The state is already planning to step in to cushion the blow with a RUB4 trillion ($67.8bn) social relief package to mitigate the economic shock of the war in Ukraine. The Ministry of Finance announced an increase in pensions of 10% at the beginning of June, the Bank of Finland institute for Emerging Economies (BOFIT) reported in its weekly update on June 10. As Russians still retire relatively young, families with a pensioner, who typically also holds down a part-time job, tend to be amongst the most secure. Most Russians regard a pension not as a retirement plan, but as a supplement that pays for a better standard of living in the second half of their lives.

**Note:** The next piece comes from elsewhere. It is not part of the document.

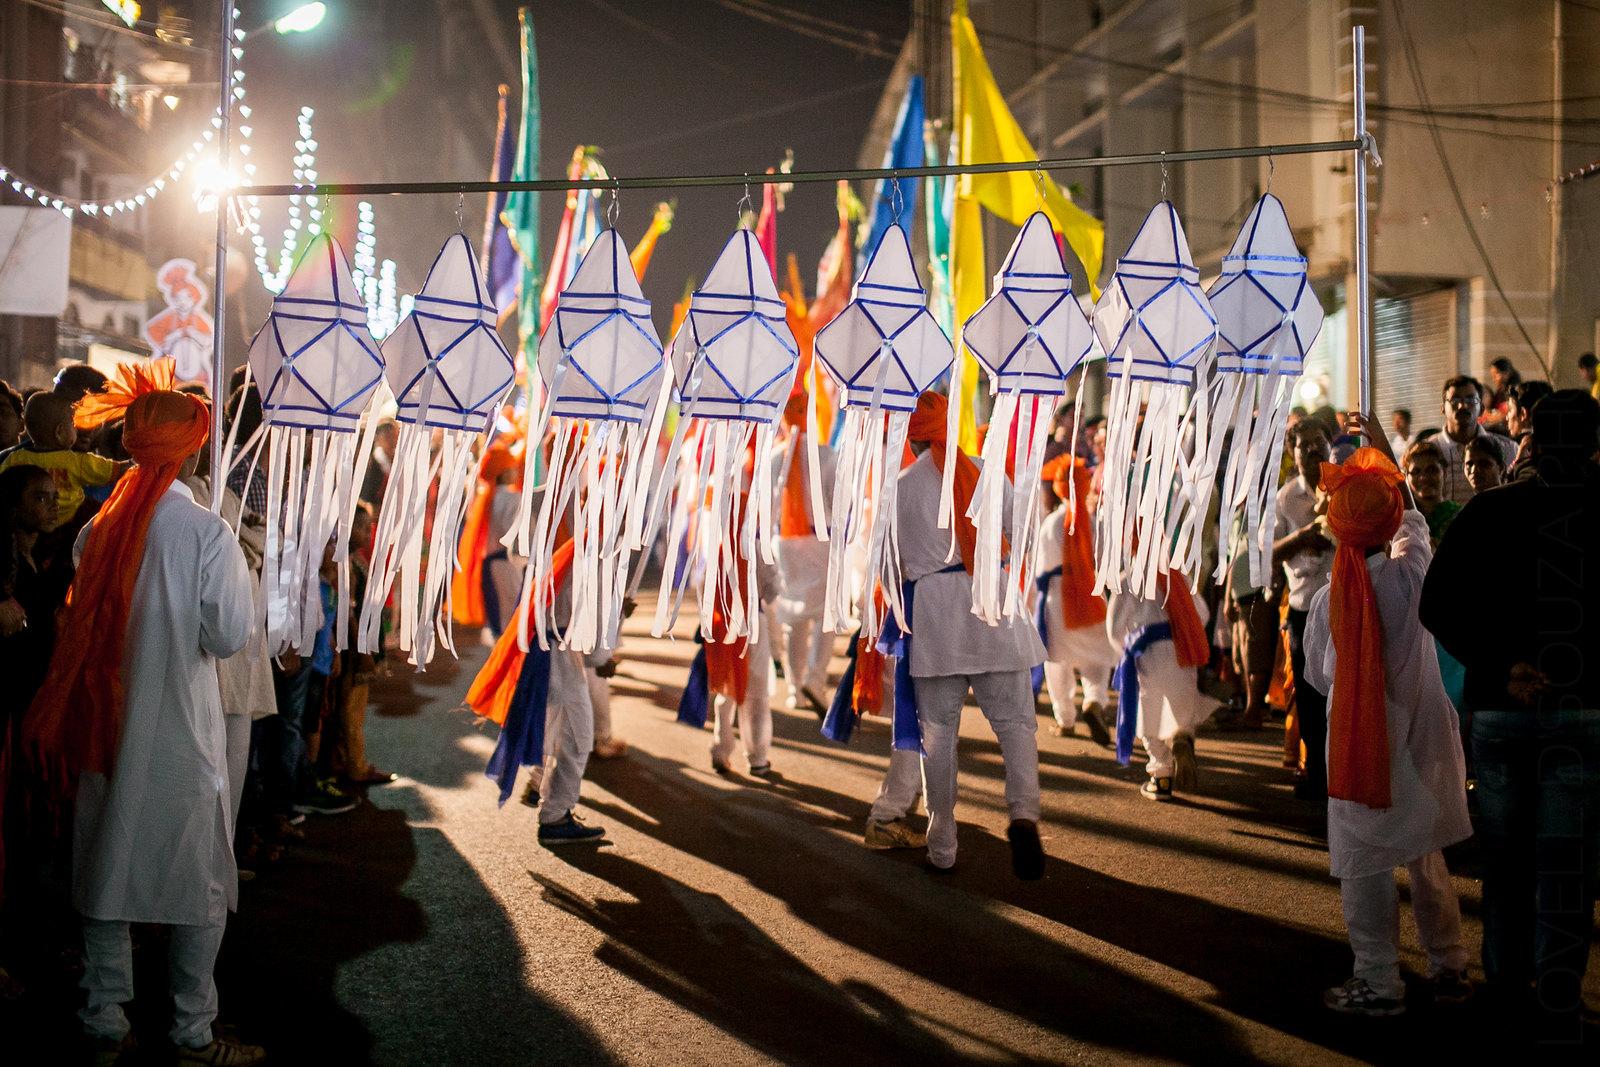 Shigmotsav 2015 - Ponda, Goa

“The previous 8.6% increase in pensions was scheduled for the beginning of this year. The increases are intended to compensate pensioners for rising consumer prices. With regard to the increase now made, it represents compensation for the sharp jump in prices that followed Russia's invasion of Ukraine,” BOFIT reports.

The government’s spending plan is set to boost wages and welfare payments for millions in a bid to ease the economic fallout from the country’s invasion of Ukraine. A bill signed by Russian Prime Minister Mikhail Mishustin on June 21 will also raise Russia’s minimum wage and living wage, by around 10%, according to business daily Vedomosti. Under the new measures, families with children under three will also rise. There will also be more financial support for low-income families with children up to the age of 17. The proposal was set out by President Vladimir Putin last week during a televised meeting of Russia’s State Council, where he stressed that the Kremlin’s main task would be to ensure that the minimum wage remained above “subsistence minimum.”